Here’s an example: I was supervising a student who was working on teaching a large group. She recorded and uploaded her video where she gave students a surprise bag filled with a few different items. Every student took out an item and had to comment on it. But they were four-year-olds, and by the time she got to the 18th student, she’d lost their attention.

The funny thing is, before I even got to view her first video, she had watched it and realized her mistake. She redid the lesson, reduced the number of children who gave answers and moved on to the next thing to keep their attention. When she uploaded the new video, her next lesson was wonderful!

I could have said to her, "All the students didn't appear engaged. How might you try to get them more engaged?" But in her mind, she might think, "No, they were engaged.
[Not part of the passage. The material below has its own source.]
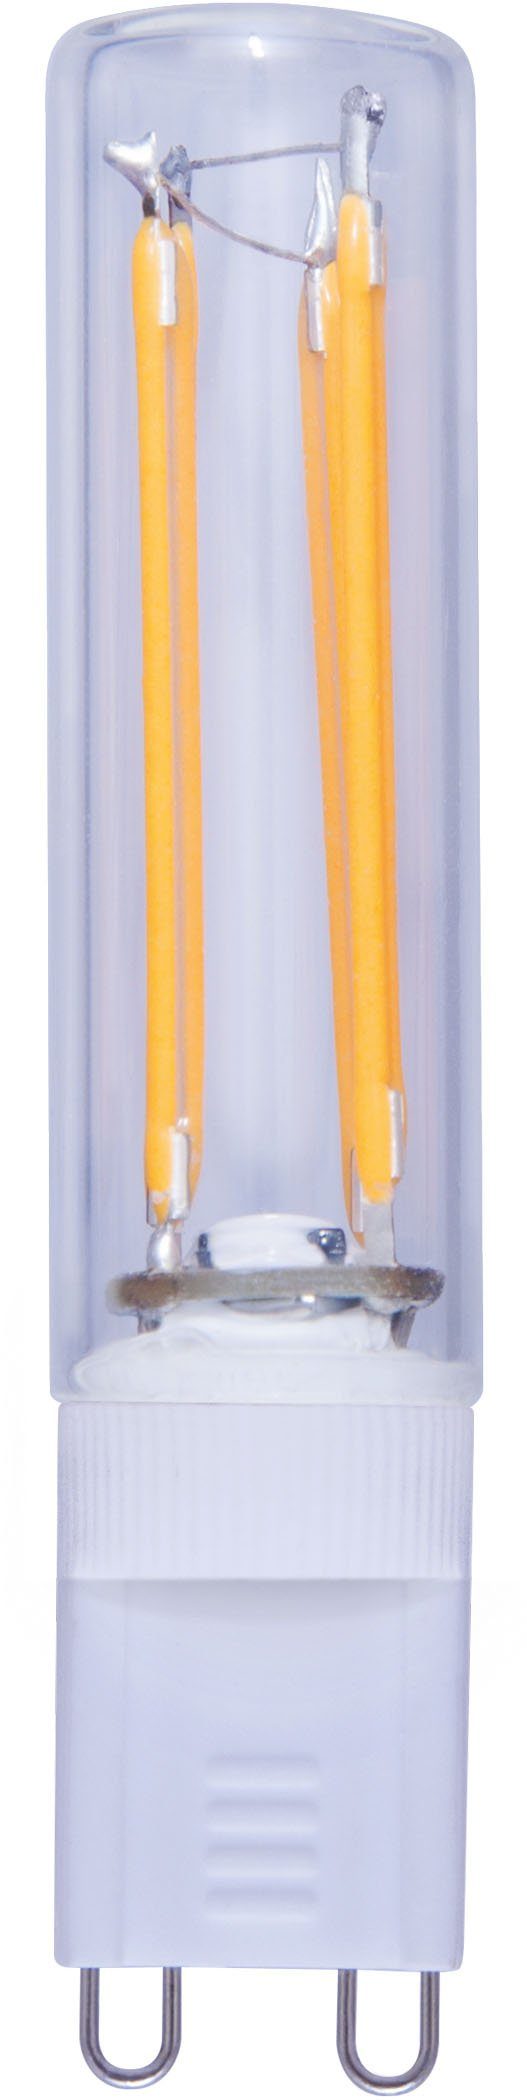 SEGULA LED-Leuchtmittel LED G9 Stift 2,5W 2700K klar, G9, Warmweiß, dimmbar, G9 Stift 2,5W 2700K, klar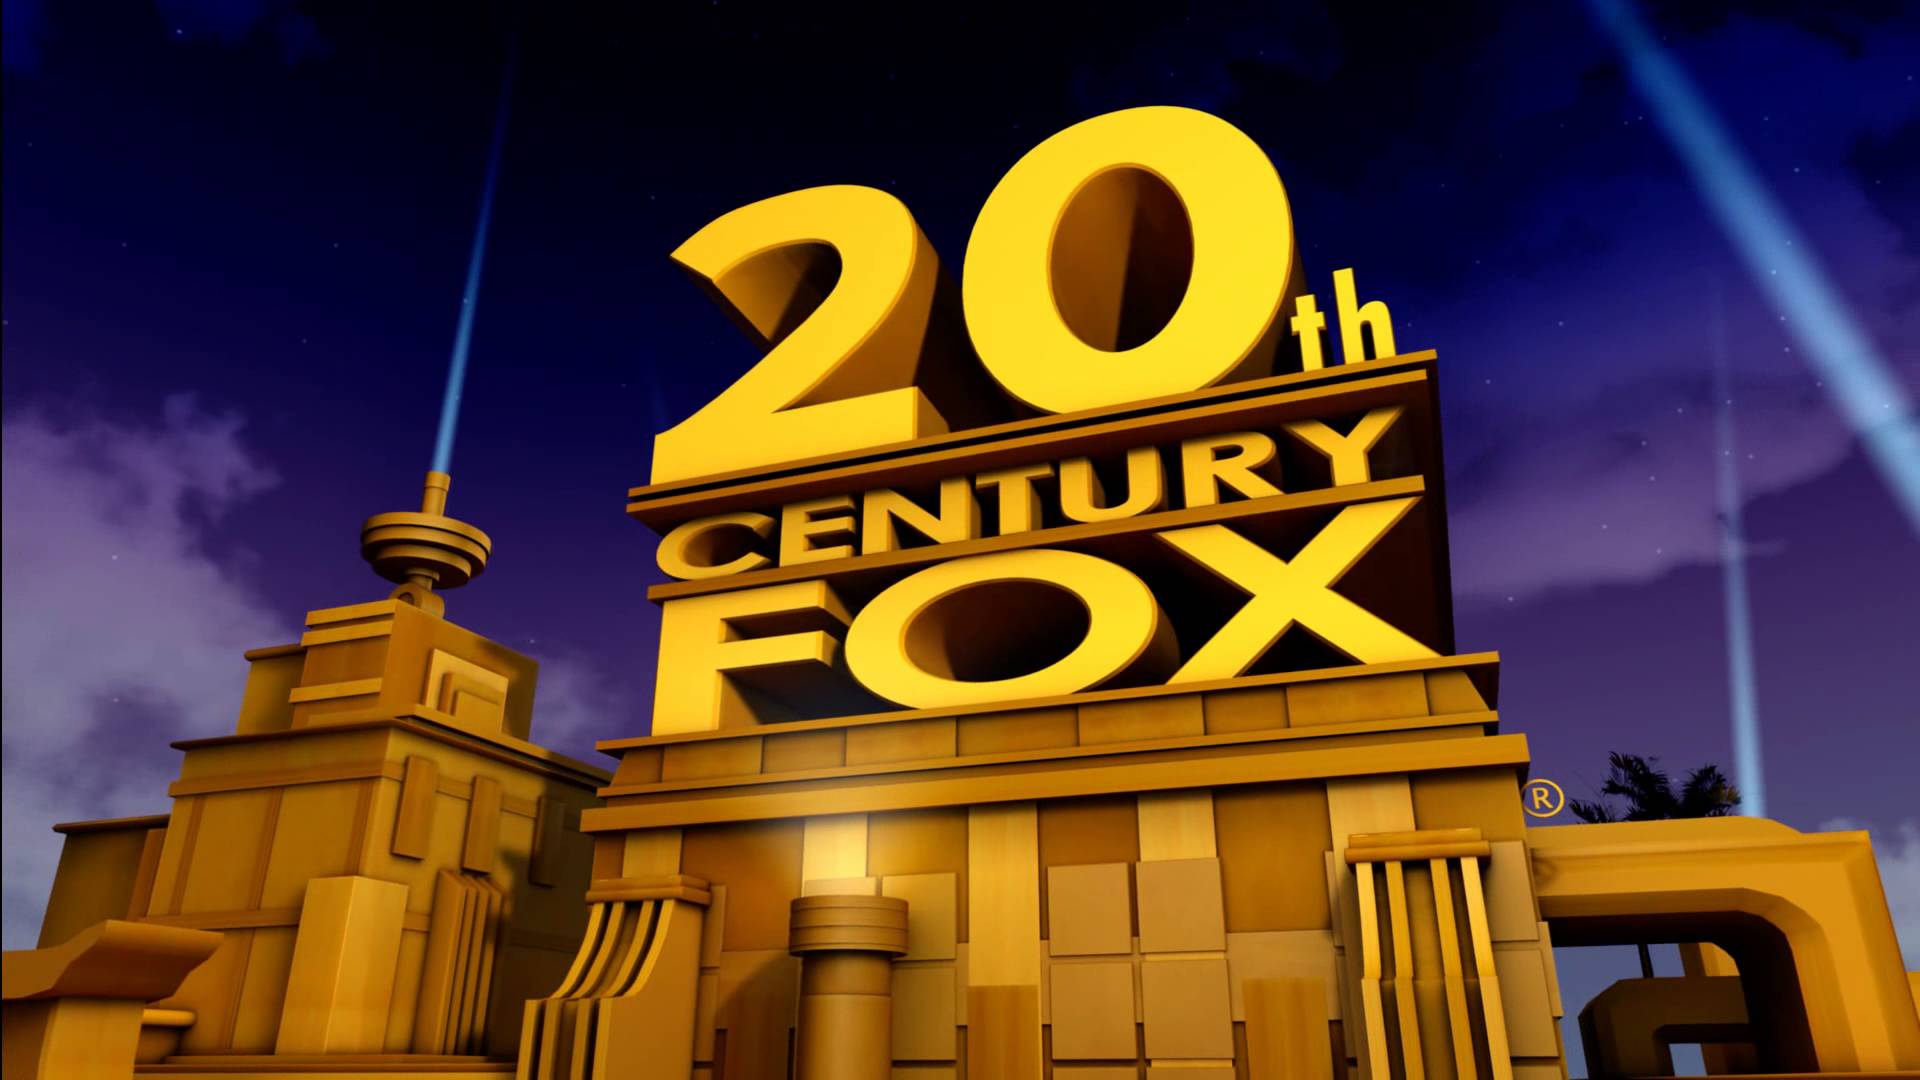 Fox divulga novas datas de estreia de Alien, Predador e filmes de super-heróis

What is she talking about?" Seeing the students’ lack of engagement for herself in the video told her she needed to fix the problem. It wasn’t me telling her how to fix the problem; I didn't have to say anything! That is super reflective practice by a young student.

Case Study - University of West Alabama (Video Credit: GoReact)

What surprised you about using video with your students?

The cost savings! We have students practice-teaching at schools all over, and they need supervisors to visit and see how they’re doing. But if a supervisor is scheduled to see them four times in 16 weeks, it’s costly to pay the supervising fee—and sometimes mileage and even hotel fees. Now I can use GoReact for a portion of those visits.

And if there's a student struggling with classroom management, for example, we can see that student four times face-to-face, plus have them upload a couple more examples of themselves managing a group. And we can talk about things they can do to enhance their performance.

Using video gives us so much more opportunity to provide feedback and support coaching.

Why is it so important to help your students continuously improve?

I love my students, but it's more than just that. If I'm supporting them and helping them be effective in their craft, that's going to trickle down to the children and families we serve. It's about helping them make a difference. Because after working for 28 years as a classroom teacher and consultant for children with special needs (before coming to SVSU), I understand that, in early childhood, we can make a difference.